AV graft maintenance.

Reliable dialysis access when a fistula isn't a fit — placed in an outpatient procedure, then kept open and working with proactive maintenance.

Overview

When a graft is the right call

Not every patient's vein anatomy can support a fistula — and some patients need to start dialysis sooner than fistula maturation allows. In those cases, an AV graft is the right answer: a small, biocompatible tube tunneled beneath the skin to connect an artery to a vein, creating the high-flow access dialysis requires.

Grafts can be used much sooner than fistulas — within 2–4 weeks, and some "early-use" grafts within days. They require slightly more active maintenance because they narrow predictably at the venous end.

With the right surveillance and timely angioplasty, modern grafts last for years.

How it works

The procedure, step by step

01
Vessel mapping
An ultrasound identifies a suitable artery and vein in the arm or thigh for the graft to connect. Locations are chosen for durability and ease of cannulation.
02
Outpatient placement
Under local anesthesia and light sedation, Dr. Anton tunnels a small synthetic tube (the graft) under the skin between the artery and the vein. Typical procedure time is 60–90 minutes.
03
Short healing window
Unlike fistulas, grafts can usually be used within 2–4 weeks of placement — sometimes immediate-use grafts can be cannulated within 24–72 hours.
04
Active maintenance
Grafts narrow predictably at the vein outflow over time. Regular surveillance lets us treat narrowings with angioplasty in the office before they cause access failure.
Why Dr. Anton

Placement plus surveillance, under one roof

Grafts are unforgiving — small narrowings progress quickly to clots. The advantage of having Dr. Anton both place and monitor your graft is continuity: he knows the geometry of your access from the day it was created and can act on ultrasound findings the same week.

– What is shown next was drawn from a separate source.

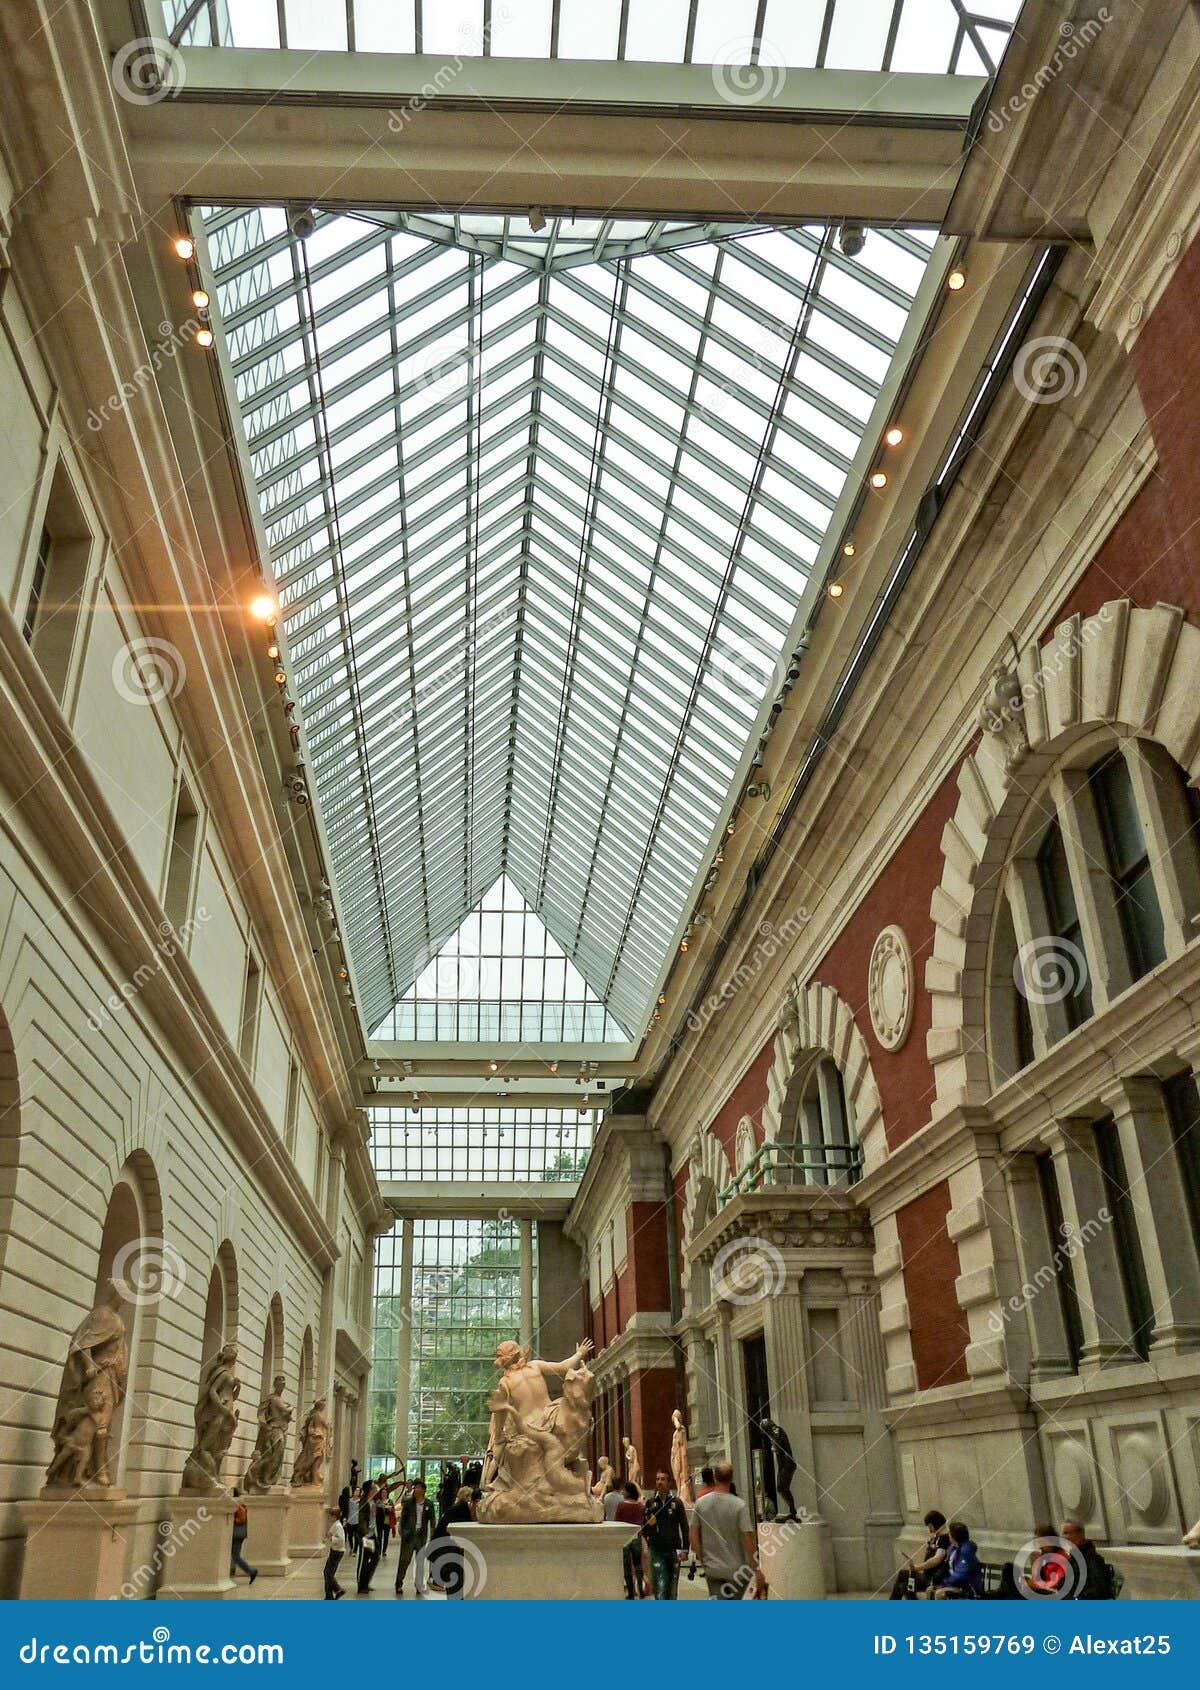 Нью-Йорк, Соединенные Штаты - люди наслаждаются в музее Метрополитен

We coordinate directly with dialysis centers across Pompano Beach, Fort Lauderdale, and Deerfield Beach so issues spotted during dialysis reach us quickly — often catching problems before they interrupt treatment.
What to expect

Recovery and using the graft

You'll go home the same day with a small dressing over the placement site. Expect bruising, mild swelling, and some soreness for a week. Most patients return to daily activity within a few days, avoiding heavy lifting with the access arm.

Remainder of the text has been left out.